The FBI's Behavioral Science Unit enters a new era of importance, with access to more resources than ever before -- but can it survive the internal pressures of damaged trust, and the external sprinkles of insidious family drama??
posted by fleacircus (32 comments total) 1 user marked this as a favorite
 
I just started episode 3 so I have nothing of substance to add, except I was struck by how much Anna Torv resembles Carrie Coon. Someone please cast them in a movie together!
posted by orrnyereg at 7:26 AM on August 20, 2019 [2 favorites]


The same actor who played Charles Manson in Once Upon a Time... In Hollywood also plays Charles Manson in this show. And he's fantastic.

Anyway, I think I'm 5 of 9 episodes down and it's so good. I remember it starting slow in season 1, but this season is just great. Slow but I don't want to stop watching.
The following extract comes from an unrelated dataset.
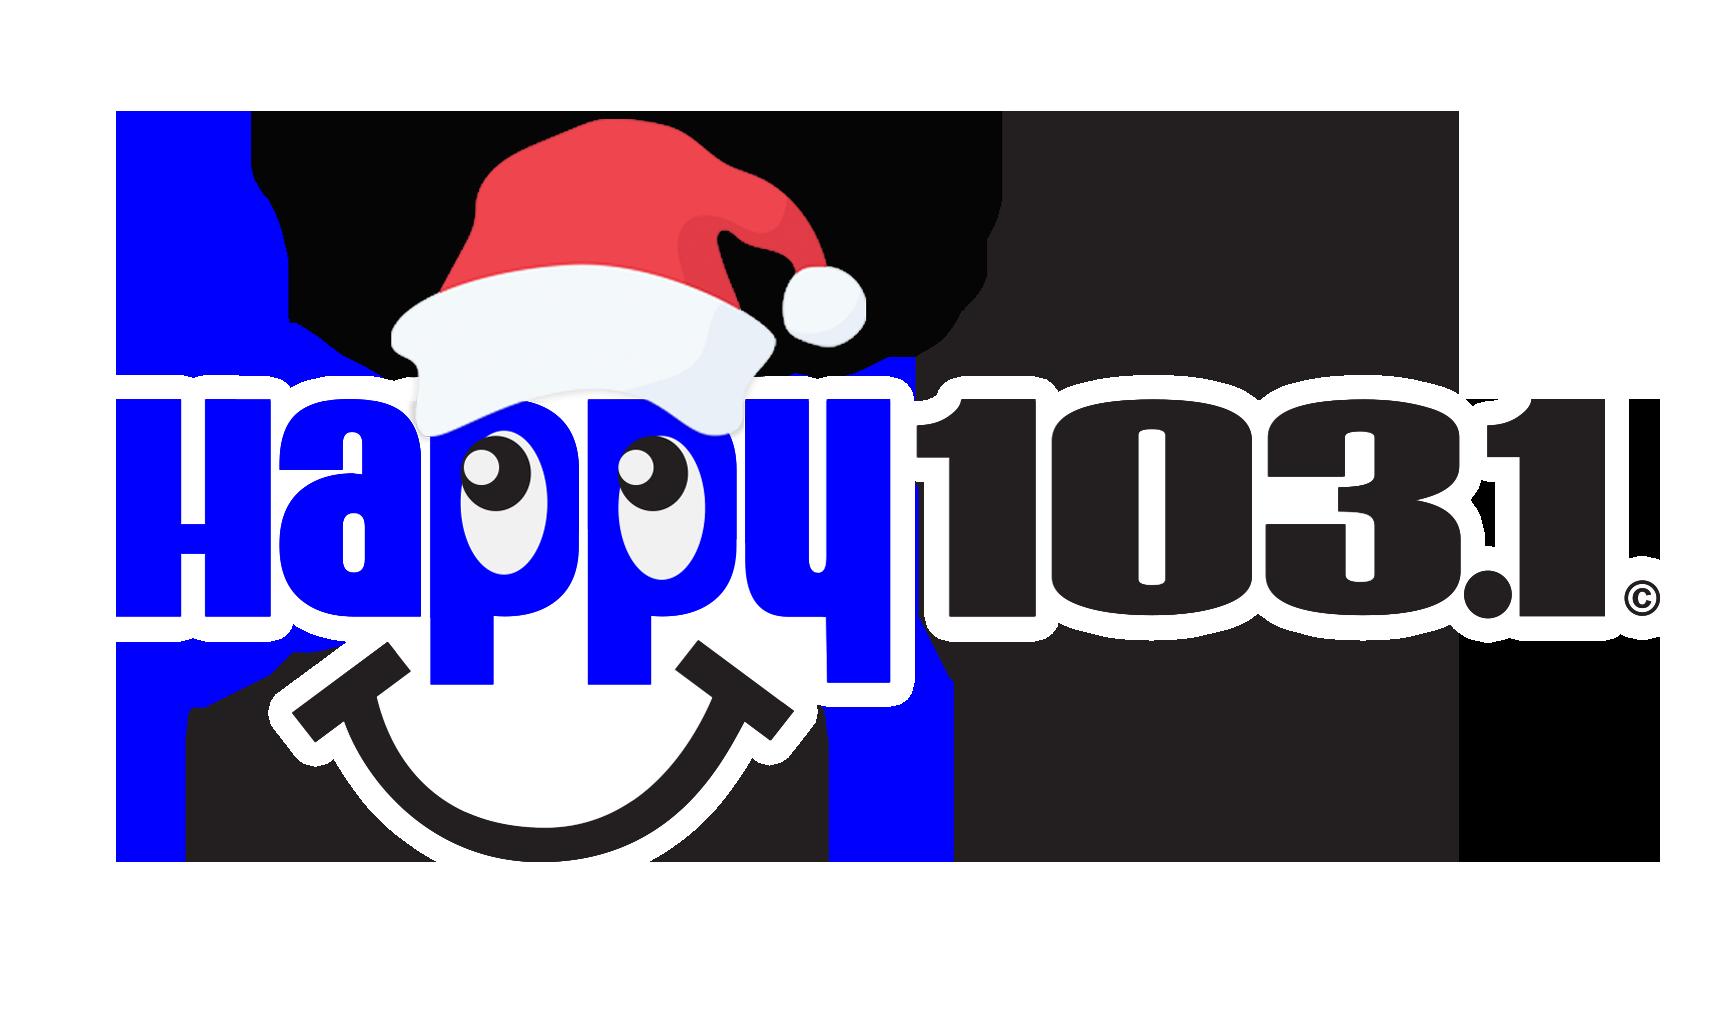 Happy103.1

I'm really enjoying Bill Tench.
posted by OnTheLastCastle at 7:53 AM on August 20, 2019 [3 favorites]


I'm not a huge fan of the subplot with Bill Tench's kid, however I liked the scene where Nancy first finds out about the death on the property she's trying to sell, and she leaves the sink running. Bill comes over like he might console her, reaching an arm out, but then just turns off the sink. Nancy for her part doesn't seem to even care. "No affection, offered or expected!" my SO and I laughed and laughed.

I spend a lot of time thinking about which actors' faces remind me of others', and I'm surprised I never thought of Anna Torv looking like Carrie Coon. It is known, though! I've probably missed it because of the hair and Coon's face is longer and squarer. I totally see it now though.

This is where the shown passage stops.